On the 1974 Dark Side of the Moon Tour, the band would enlist the help of a screen projectionist to create an otherworldly experience that few could have imagined in the early-1970s. This coupled with their advancements in sound equipment, the band provided an all-encompassing experience like no other and ensured that Pink Floyd would be widely regarded as one of the greatest live acts of the decade.

Pink Floyd had been toying with the idea of unique on-stage performances from the very start of their career. In 1967 the band used colourful light displays, bubbling oil projections and other means of swinging ’60s psychedelia to enrapture their tripped-out audiences while they played their out-of-this-world sounds. But, by the time they had hit the big time in the ’70s, the group knew they needed something more permanent for their tours, so they enlisted the then-unknown filmmaker Ian Emes.

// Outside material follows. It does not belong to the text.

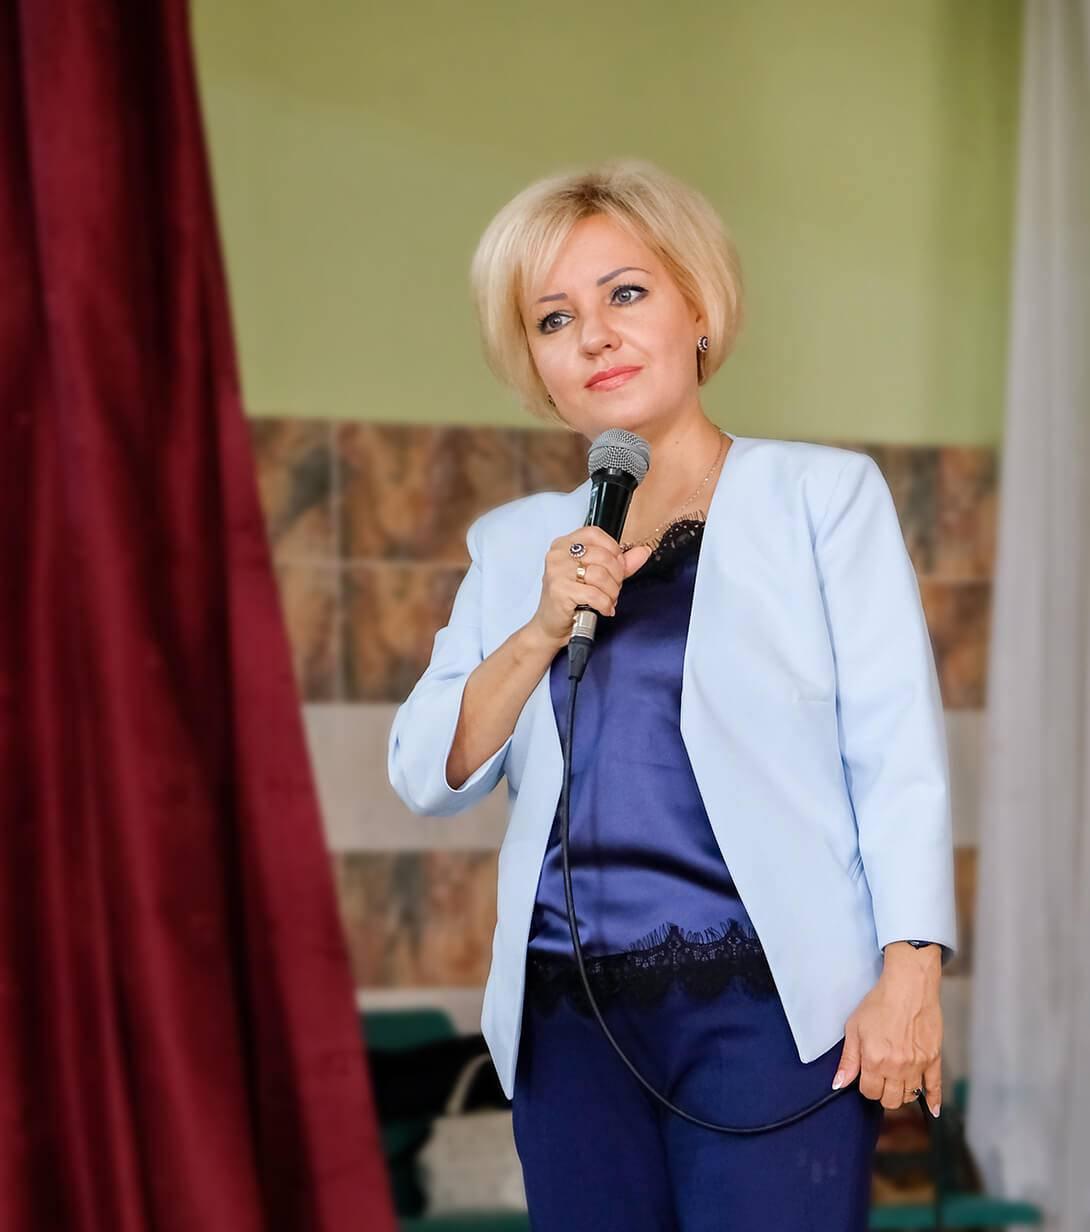 Винница. Открытый семинар посвящённый ВОЗМОЖНОСТЯМ ЧЕЛОВЕКА. 22 июля 2018

Emes had already created an animation titled French Windows which he set to the Pink Floyd song ‘One of These Days’. it featured swirling landscapes and rotoscope dancers and captured several high-profile awards, including a spot on British TV. Emes said of the experience: "Having seen my film French Windows on BBC’s The Old Grey Whistle Test, the band commissioned me to make their first-ever animated film, which they subsequently toured the world with. ‘The Time’ sequence is used to this day. It was a breathtaking experience to see my film projected live at Wembley Arena before a huge crowd of tripped-out fans."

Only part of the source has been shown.